Hi,
I am going to be using the circuit (see attached file) to charge a 12 V lead acid battery. I found the circuit on this forum, it is a current limiting voltage regulator (In simulations I am using a LT1083 instead of LM 350). I will be placing my battery in place of R8 (I was just using the resistor for simulation purposes). My question is if it is ok to ground the negative terminal of the battery (where I have R8 grounded in the diagram).

I want to ground the negative terminal of the battery because the circuit is part of a larger system I am making, which contains voltage sensors and bidirectional current sensors, microprocessor, etc. (I am trying to make sure that I have a correct ground point for all of these components). Any advice would be greatly appreciated, thanks.

 

Looks good to me--that is how I would do it too.
Tying the battery neg terminal to the left of R4 would negate the function of the current limit circuit. There is a shunt voltage translator (current mirror) available that allows R4 to go into the positive rail--that would enable all voltage sources to be grounded to the same rail--off hand, I do not know who makes it--perhaps another forum participant can make a recommendation.

 

I think it would depend on whether the "-" on your V1 is grounded separately somewhere. If it is floating as per your diagram I dont see that you would have any problems.

 

Sure, it's OK to ground it there - as long as your input supply's ground is not common with any other circuit ground. If it is, then you will have problems.

There is no reason for R5 or R6; they should be removed.

You really need provisions for adjustment at R2.

Adding a diode in the output will keep the charger from discharging the battery when the mains power is disconnected/off.

Have a look at the attached; it's quite similar, but it also has temperature compensation; that keeps the battery charge voltage correct whatever the temperature happens to be. Q2 in conjunction with R3 and R5 form a voltage multiplier with a negative temperature coefficient which is roughly -18mV/°C; just right for 12v lead-acid batteries. Chargers that aren't temperature compensated will overcharge batteries when it's hot, and undercharge them when it's cold.

For best results, Q2 should be thermally coupled to the battery positive terminal.

 

I used to use a regulator with remote sense line feature so I can put the blocking diode inside the feedback loop and the battery voltage is regulated directly.

 

The remote sense of the actual battery voltage is certainly preferable.

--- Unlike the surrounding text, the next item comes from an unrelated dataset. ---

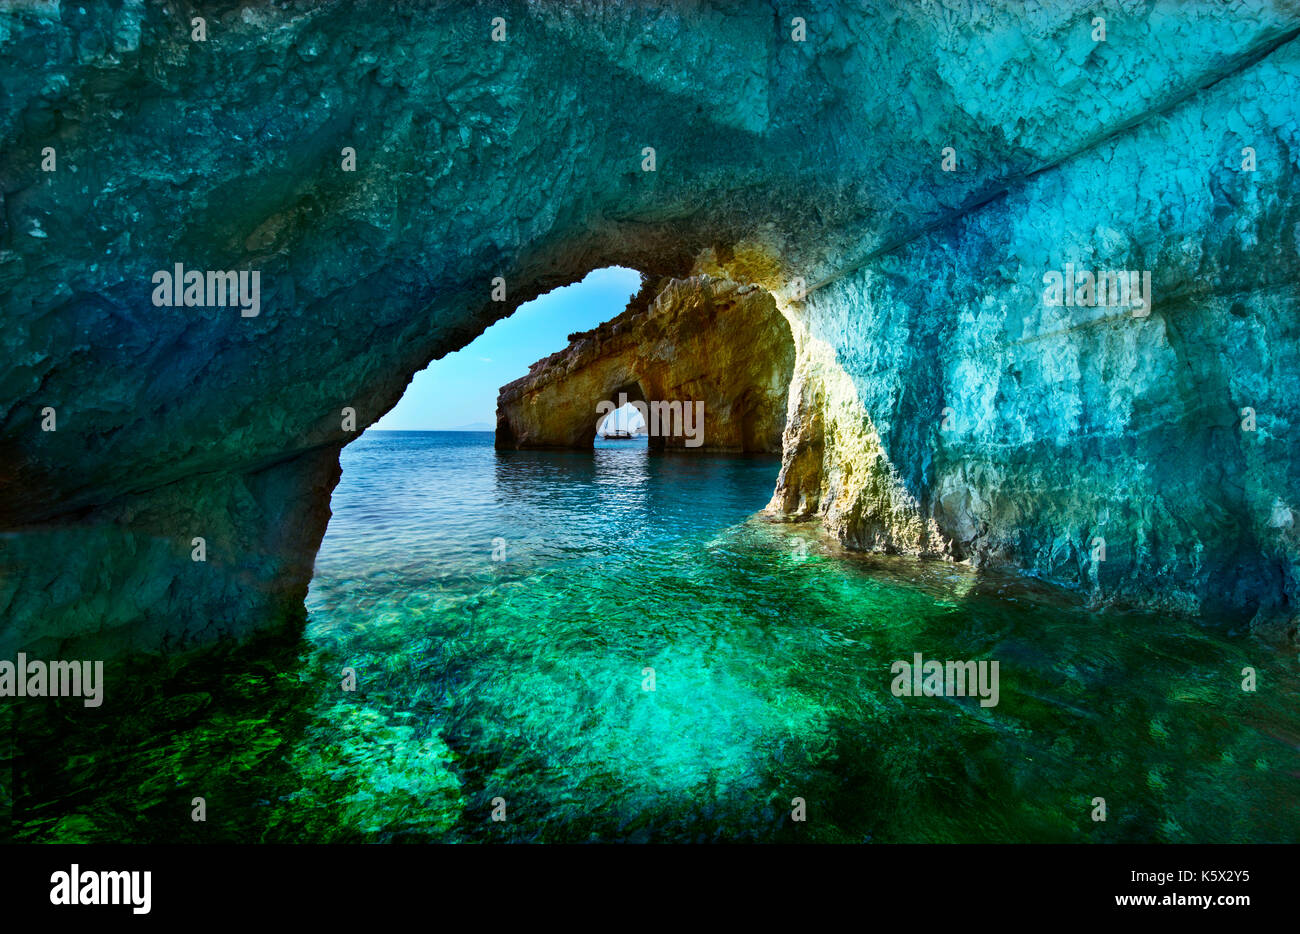 Greece, The island of Zakynthos. One of the most beautiful blue caves in the world. The Ionian Sea.  Blue caves of the island of Zakynthos Stock Photo
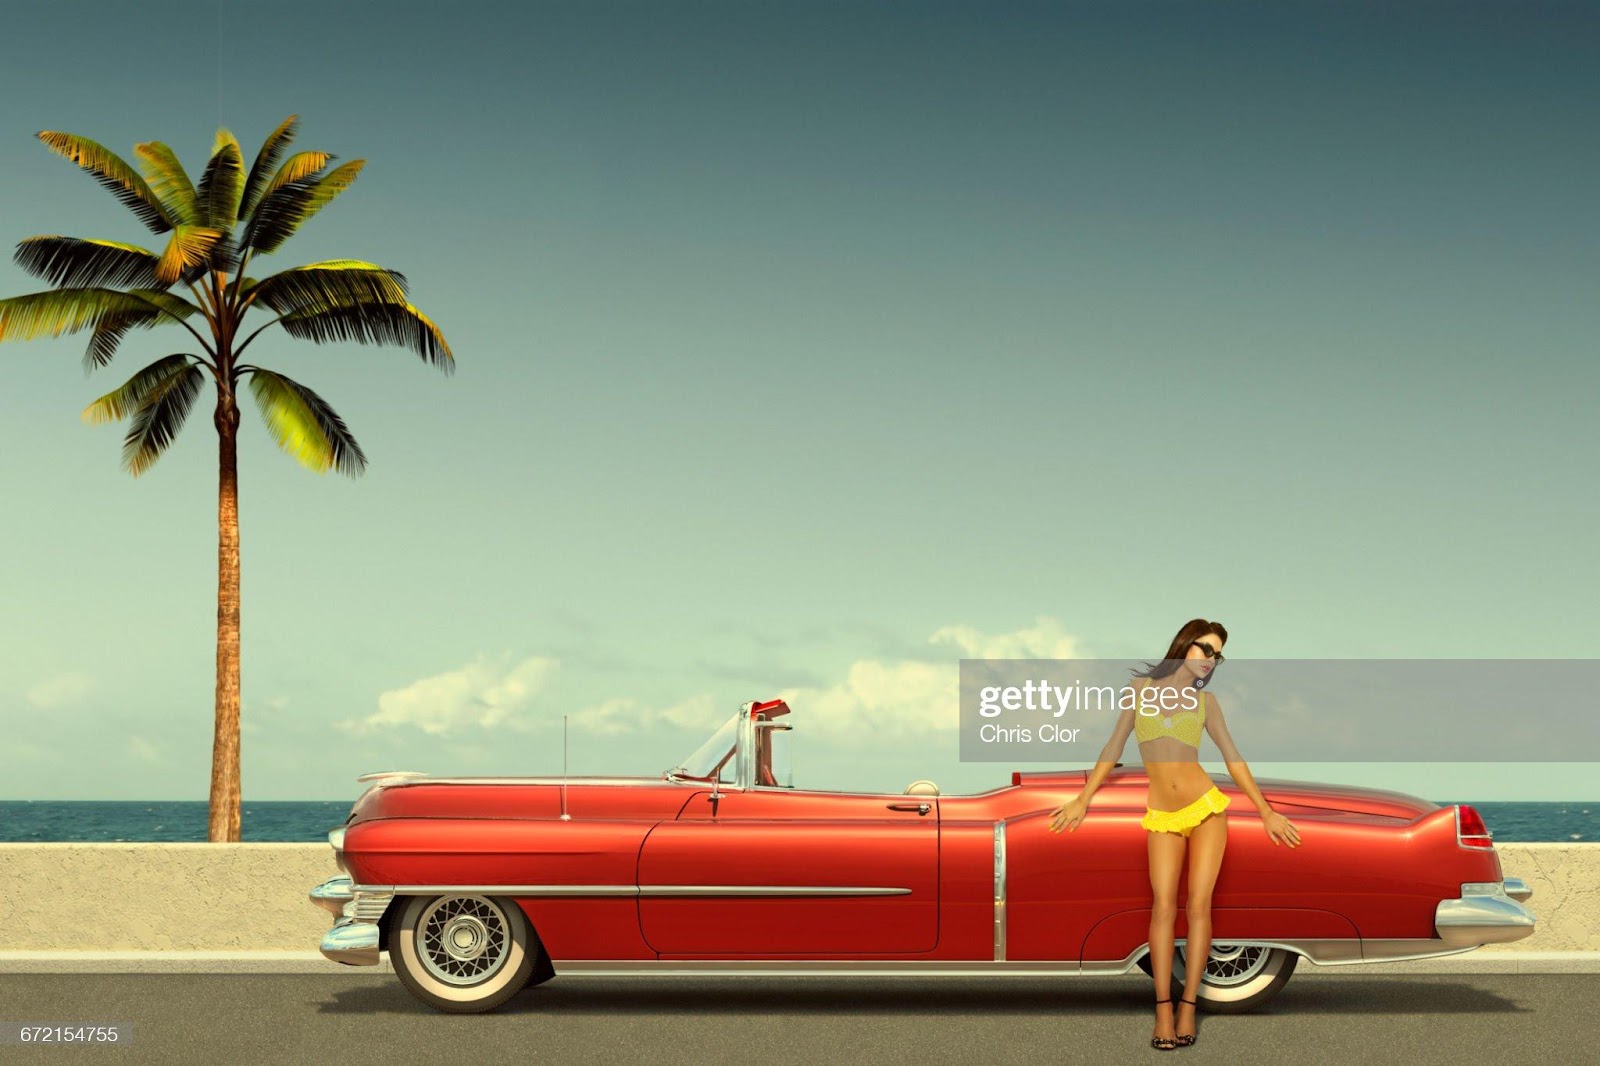 C:\Users\Valerio\Desktop\caucasian-woman-leaning-on-oldfashioned-convertible-car-at-ocean-picture-id672154755.jpg

The charger schematic that I attached was drawn up with the idea that just about anyone, anywhere can obtain an LM317 regulator, a 2N3904 transistor, and a suitable Schottky diode between the regulator and the battery - even by salvaging them from junked electronic equipment.

There are much better regulators available for something like this than the ancient LM317; but many people in emerging countries simply cannot obtain the newer models; they can only get what local vendors have on hand at the market or what they can salvage. They frequently can't even order components online, as the companies won't ship to their country.

What I posted is basically a "lowest common denominator" circuit. If it were an automobile, it would be a 1966 Ford Fairlane with patched vinyl seats, a straight 6 engine with an automatic transmission and air conditioning - but it'll overheat if you're not careful (use a heat sink on the LM317).

 

The remote sense of the actual battery voltage is certainly preferable.

The charger schematic that I attached was drawn up with the idea that just about anyone, anywhere can obtain an LM317 regulator, a 2N3904 transistor, and a suitable Schottky diode between the regulator and the battery - even by salvaging them from junked electronic equipment.

There are much better regulators available for something like this than the ancient LM317; but many people in emerging countries simply cannot obtain the newer models; they can only get what local vendors have on hand at the market or what they can salvage. They frequently can't even order components online, as the companies won't ship to their country.

What I posted is basically a "lowest common denominator" circuit. If it were an automobile, it would be a 1966 Ford Fairlane with patched vinyl seats, a straight 6 engine with an automatic transmission and air conditioning - but it'll overheat if you're not careful (use a heat sink on the LM317).

What would you recommend? If you were to design your ideal 12v SLA float charger, would you use the same circuit with a different regulator, or would you design a completely different circuit?

 

You might have noticed (since you had to click a box specifically telling you) that you are responding to a thread that is more than a year old (and more like 3.5 years old in this case).

If you want to discuss something related to this thread, please start a thread of your own and include a link to this one.